Передовиком быть, конечно, никому не улыбается; но и отставать ни к чему. Что ж, они, в самом деле, отсталые какие-то? Все меняется вокруг, надо ж понимать.
– А что меняется? – ожесточенно кричала на собрании Зоя Глебова, мужской мастер, наступая на заведующую. – Может, к лучшему что-нибудь меняется? Сахар по талонам стали продавать – вот тебе и перемены!
– При чем тут сахар? – вступилась за Римму Григорьевну молоденькая маникюрша Таня.
– А при том, – повернулась к ней Зойка. – Ты еще ничего не понимаешь, мало на свете прожила.
Словом, как всегда, не собрание, а базар. Большинством голосов в конце концов все же решили: на подряд не переходить, изучить пока чужой опыт. И хоть Римма Григорьевна, стараясь перекричать визгливую Зойку, объясняла, что «чужого опыта пока нет, негде его изучать» и что «должен же кто-то начать первым», решили не переходить.
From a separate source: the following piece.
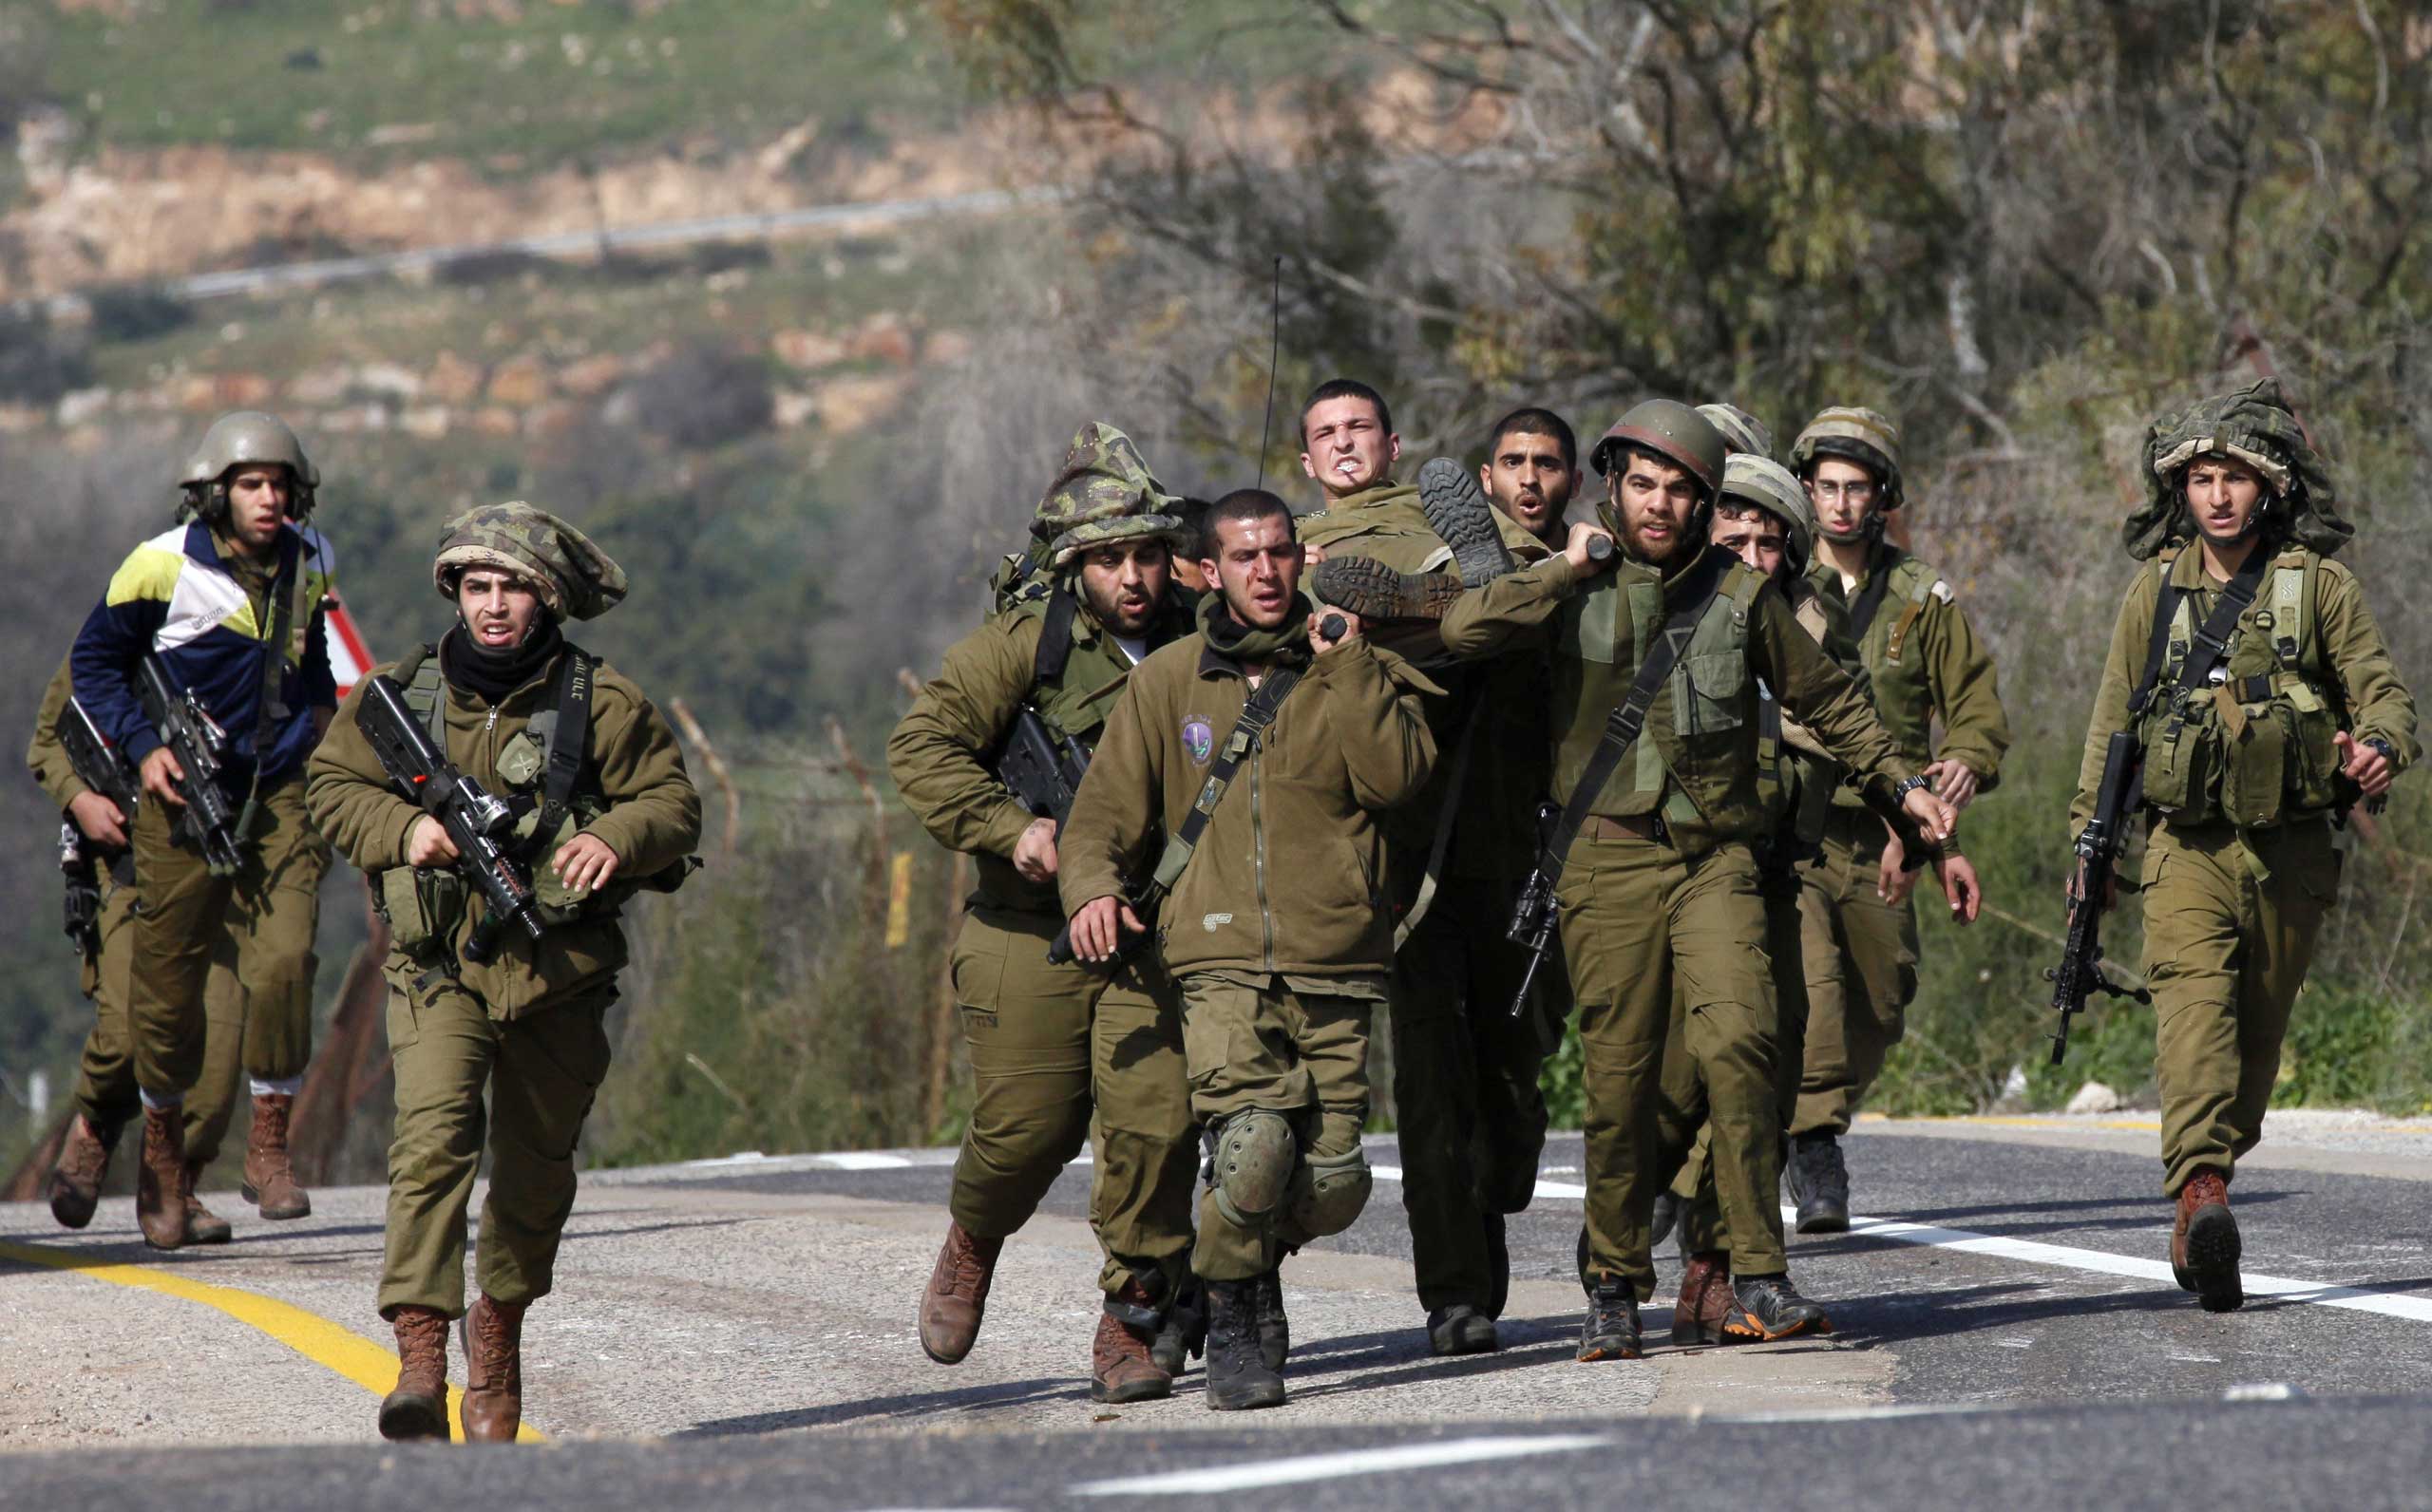 Israeli soldiers carry an injured comrade after an anti-tank missile hit an army vehicle in an occupied area on the border with Lebanon on Jan. 28, 2015. (Jalaa Marey—AFP/Getty Images)
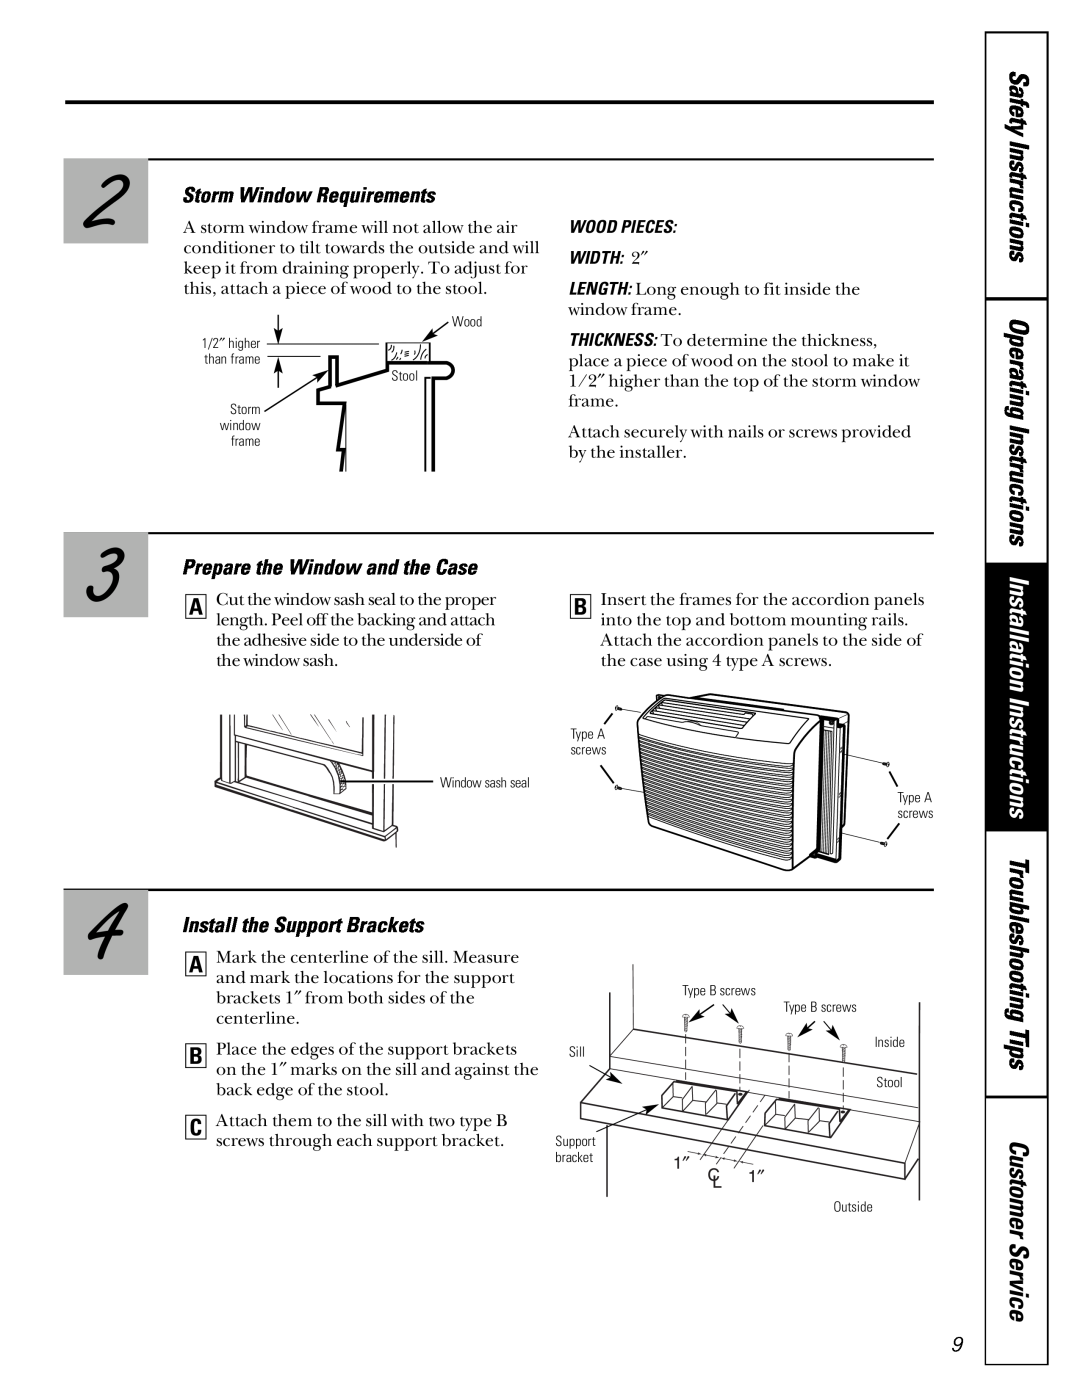 LG Electronics ASC05 Safety Instructions Operating Instructions, Storm Window Requirements, Install the Support Brackets

– А кто нас заставит? – кричала Зойки. – Нынче демократия!
– А говоришь, не меняется ничего, – устало сказала Римма Григорьевна, но Зойка, похоже, ее не поняла.
Теперь все почти зовут ее Риммой Григорьевной, с тех пор как стала заведующей, а то все Римма да Римма. В парикмахерской до седых волос ходишь в молодых, так уж заведено: Нина, Люся, Зойка… Ведь уже не девчонки, всем к сорока. А когда отпевали Люсю, старухи в церкви ахали у гроба: «Господи, молодая-то какая!»
Это Зойка старалась, причесывала, собирала, рыдая, Люсю в последний путь. И даже губы подкрасила. Всего двадцать дней болела Люся, не успела измениться. А как меняет людей эта страшная болезнь! А Люся не изменилась. Казалось, сейчас скажет: «Вы чего ревете, девки?» – и улыбнется. Будто улыбка у нее в углах губ. Так и ушла в землю с этой улыбкой…
Была первой помощницей во всех делах, умела обрезать любую и не поссориться. Не посмела бы Зойка пойти сегодня против Риммы, Риммы Григорьевны, если бы на собрании была Люся.
Сорок дней висела Люсина фотография в раздевалке и сорок дней стояли цветы на ее туалете. Но жизнь брала свое. В первое время, объединенные горем, словно помягчели, подобрели друг к другу. А потом опять пошло-поехало. Уже на работу приходят издерганные, злые. Особенно если во вторую смену: уже настоятся в очередях, наругаются со свекровями, с матерями, мужьями. Бог знает с кем, но наругаются.
– Мой совсем сбрендил! Задумал «запорожец» покупать!
– Я ей говорю: не дергайте вы ребенка!
– Колготки шерстяные давали. Очередь! Да еще ветераны эти, им больше всех надо!
Все торопятся высказаться здесь, в подсобке, в зале при дамах уже не поговоришь. Хоть бывает и при дамах, ссорятся, вспыхивают как спички.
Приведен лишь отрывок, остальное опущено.